Richard Dawkins stated that "the authors seem undecided whether their theme is quantum theory or consciousness. Both are indeed mysterious, and their genuine mystery needs none of the hype with which this film relentlessly and noisily belabours us", concluding that the film is "tosh". Professor Clive Greated wrote that "thinking on neurology and addiction are covered in some detail but, unfortunately, early references in the film to quantum physics are not followed through, leading to a confused message". Despite his caveats, he recommends that people see the film, stating: "I hope it develops into a cult movie in the UK as it has in the US. Science and engineering are important for our future, and anything that engages the public can only be a good thing." Simon Singh called it pseudoscience and said the suggestion "that if observing water changes its molecular structure, and if we are 90% water, then by observing ourselves we can change at a fundamental level via the laws of quantum physics" was "ridiculous balderdash". According to João Magueijo, professor in theoretical physics at Imperial College, the film deliberately misquotes science. The American Chemical Society's review criticizes the film as a "pseudoscientific docudrama", saying "Among the more outlandish assertions are that people can travel backward in time, and that matter is actually thought."

Bernie Hobbs, a science writer with ABC Science Online, explains why the film is incorrect about quantum physics and reality: "The observer effect of quantum physics isn't about people or reality. It comes from the Heisenberg Uncertainty Principle, and it's about the limitations of trying to measure the position and momentum of subatomic particles... this only applies to sub-atomic particles—a rock doesn't need you to bump into it to exist. It's there. The sub-atomic particles that make up the atoms that make up the rock are there too." Hobbs also discusses Hagelin's experiment with Transcendental Meditation and the Washington DC rate of violent crime, saying that "the number of murders actually went up". Hobbs further disputed the film's use of the ten percent of the brain myth.

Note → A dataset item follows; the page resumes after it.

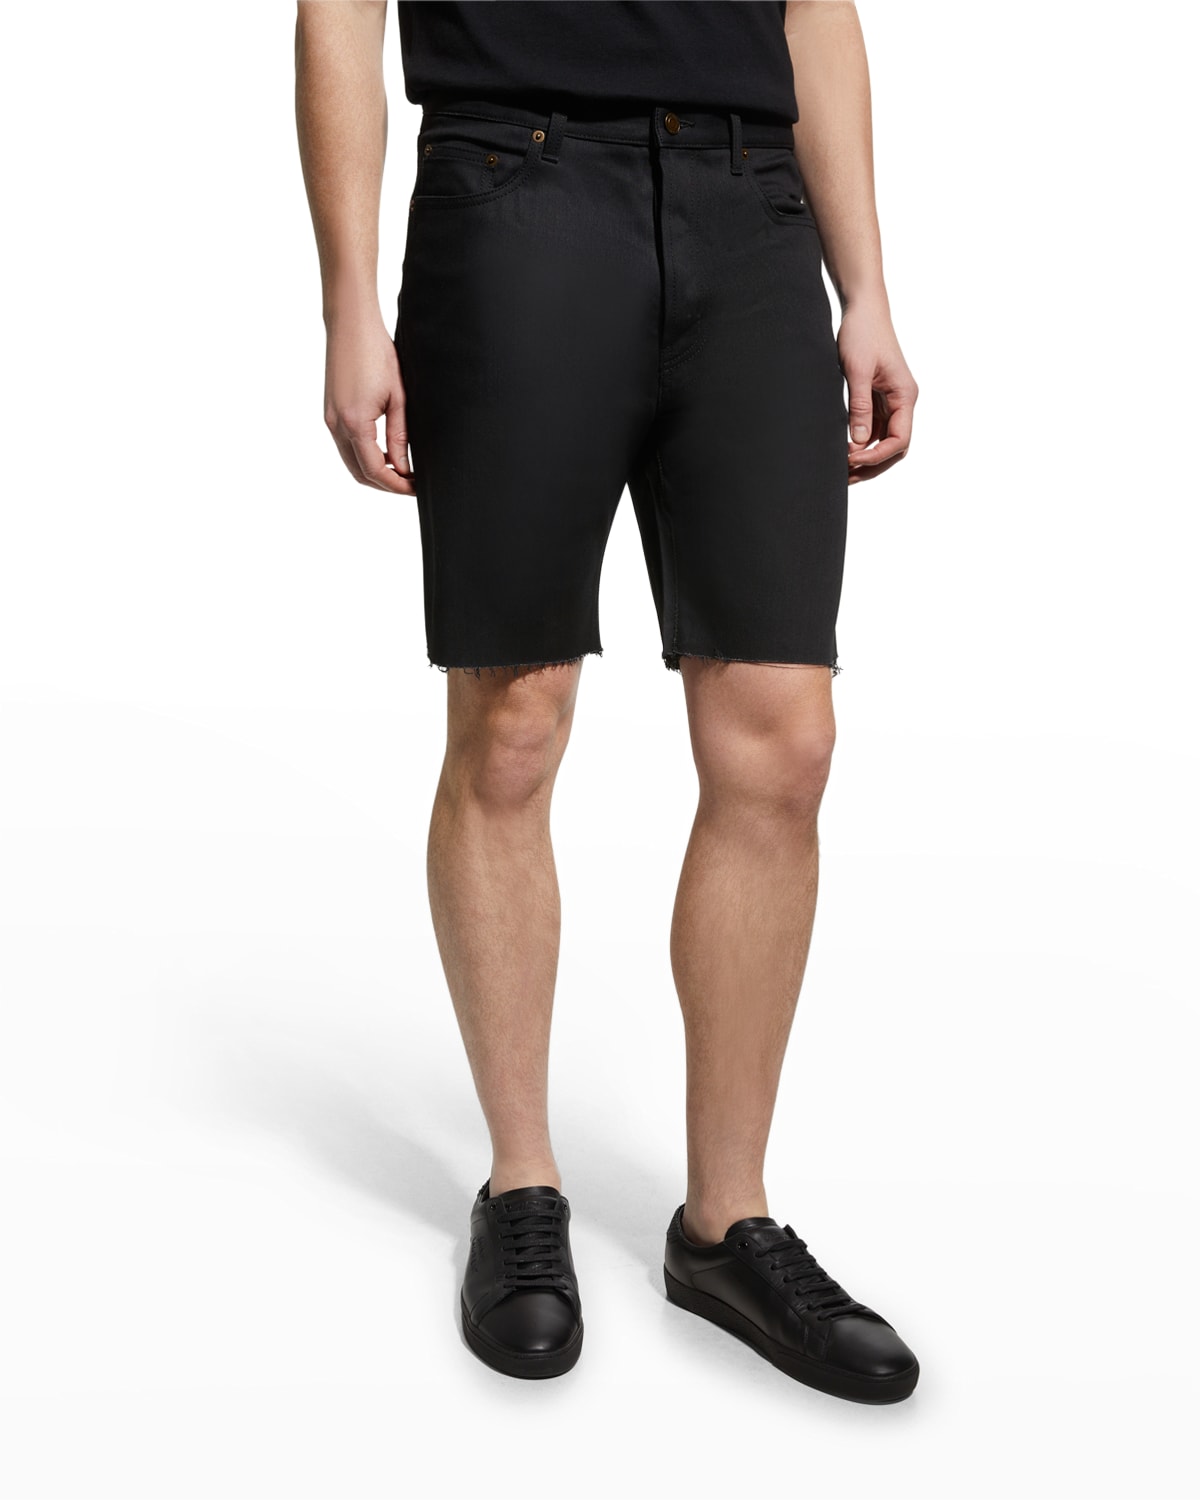 Saint Laurent Men's Frayed Denim Shorts

David Albert, a philosopher of physics who appears in the film, has accused the filmmakers of selectively editing his interview to make it appear that he endorses the film's thesis that quantum mechanics is linked with consciousness. He says he is "profoundly unsympathetic to attempts at linking quantum mechanics with consciousness".

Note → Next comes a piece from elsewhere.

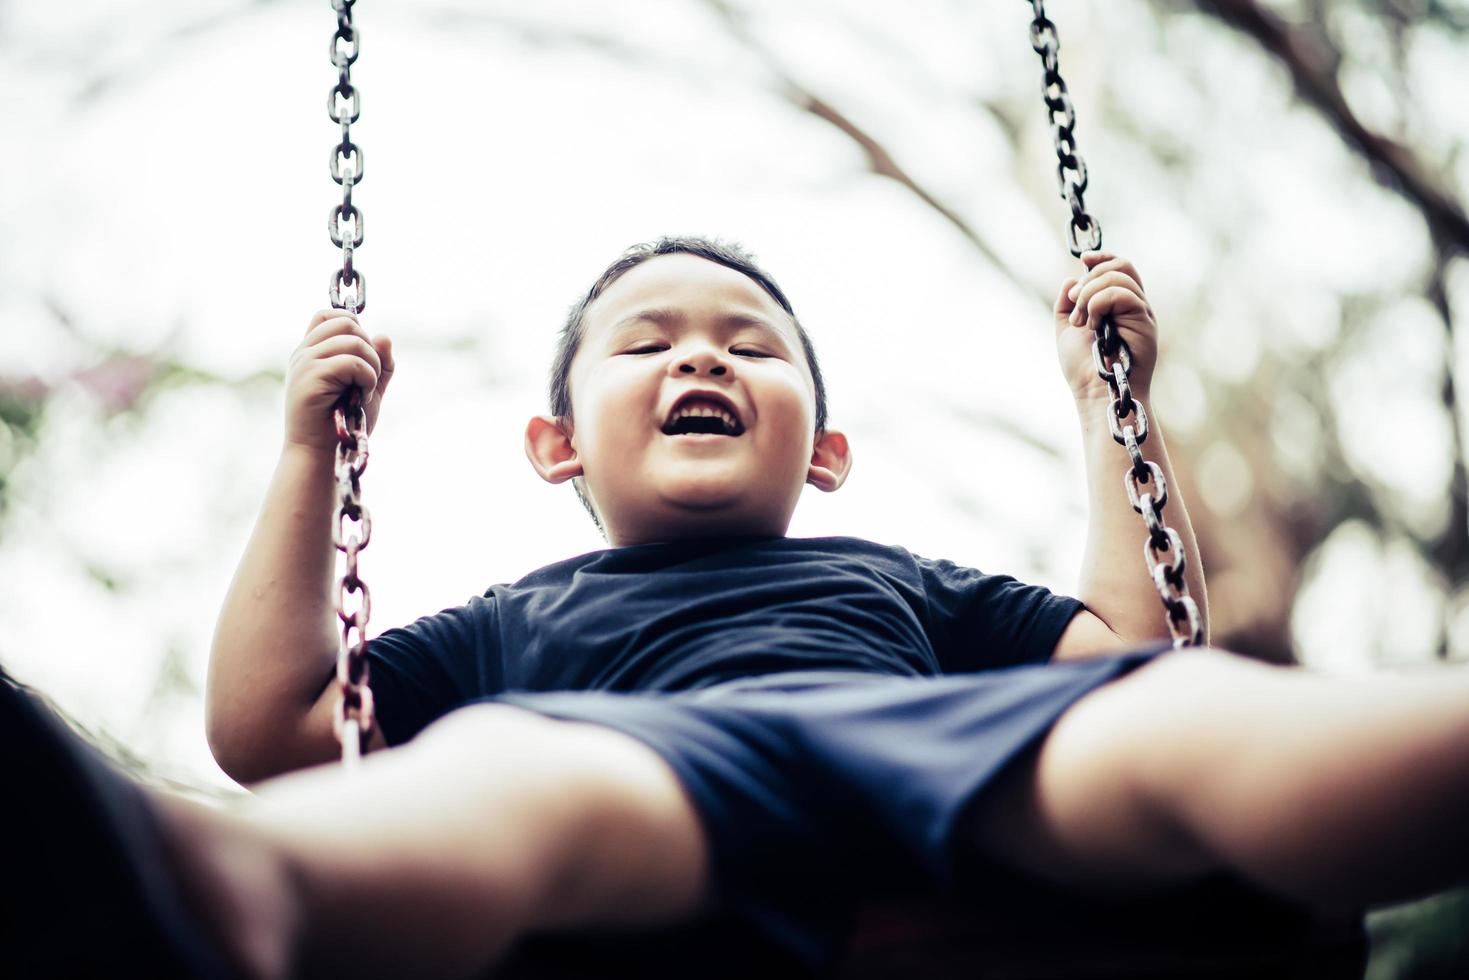 Adorable little boy having fun on a swing outdoors photo

In the film, during a discussion of the influence of experience on perception, Candace Pert gives an apocryphal version of the invisible ships myth whereby Native Americans were unable to see Columbus's ships because they were outside the natives' experience. According to an article in Fortean Times by David Hambling, the origins of this story likely involved the voyages of Captain James Cook, not Columbus, and an account related by Robert Hughes which said Cook's ships were "...complex and unfamiliar as to defy the natives' understanding". Hambling says it is likely that both the Hughes account and the story told by Pert were exaggerations of the records left by Captain Cook and the botanist Joseph Banks.

Skeptic James Randi described the film as "a fantasy docudrama" and "[a] rampant example of abuse by charlatans and cults". Eric Scerri in a review for Committee for Skeptical Inquiry dismisses it as "a hodgepodge of all kinds of crackpot nonsense," where "science [is] distorted and sensationalized". A BBC reviewer described it as "a documentary aimed at the totally gullible".

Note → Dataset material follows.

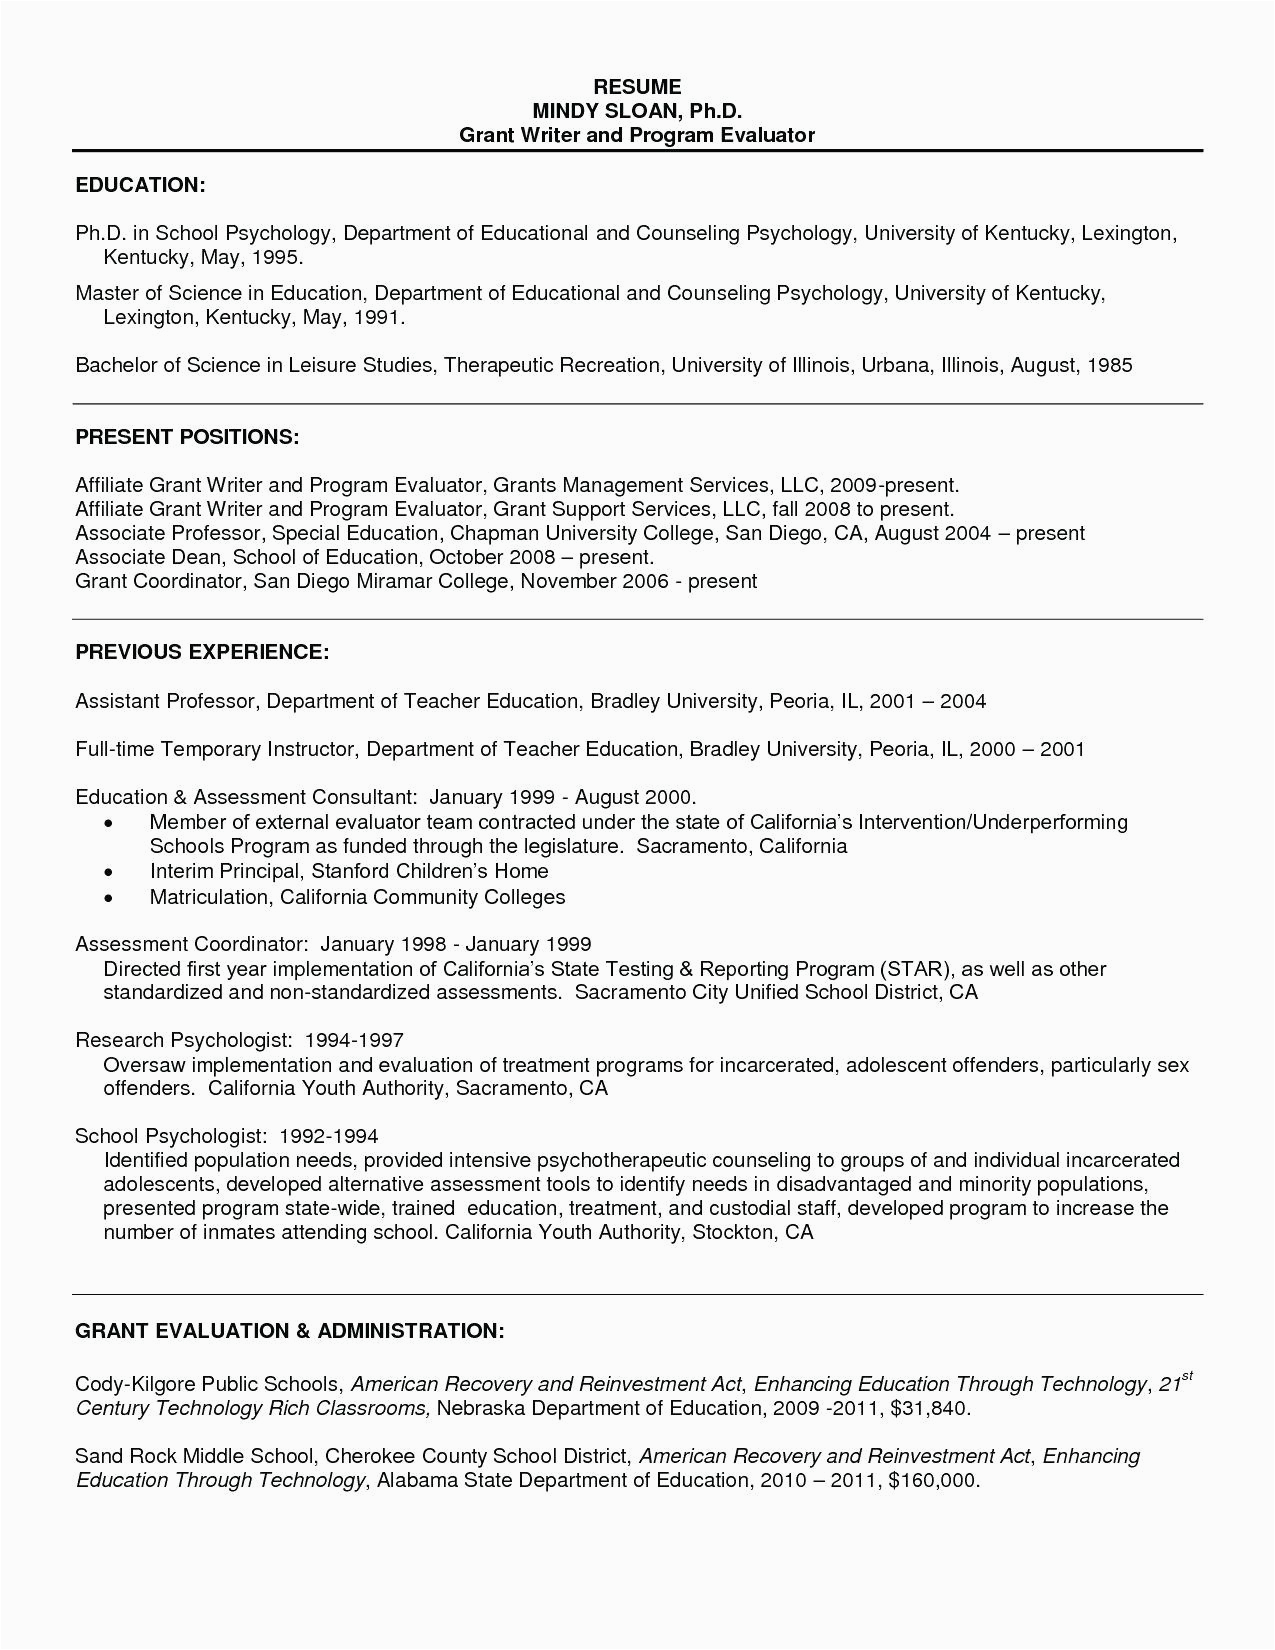 Academic Resume Template for Grad School Grad School Resume Resume Templates for Masters Program

According to Margaret Wertheim, "History abounds with religious enthusiasts who have read spiritual portent into the arrangement of the planets, the vacuum of space, electromagnetic waves and the big bang. But no scientific discovery has proved so ripe for spiritual projection as the theories of quantum physics, replete with their quixotic qualities of uncertainty, simultaneity and parallelism." Wertheim continues that the film "abandons itself entirely to the ecstasies of quantum mysticism, finding in this aleatory description of nature the key to spiritual transformation. As one of the film's characters gushes early in the proceedings, 'The moment we acknowledge the quantum self, we say that somebody has become enlightened'. A moment in which 'the mathematical formalisms of quantum mechanics [...] are stripped of all empirical content and reduced to a set of syrupy nostrums'."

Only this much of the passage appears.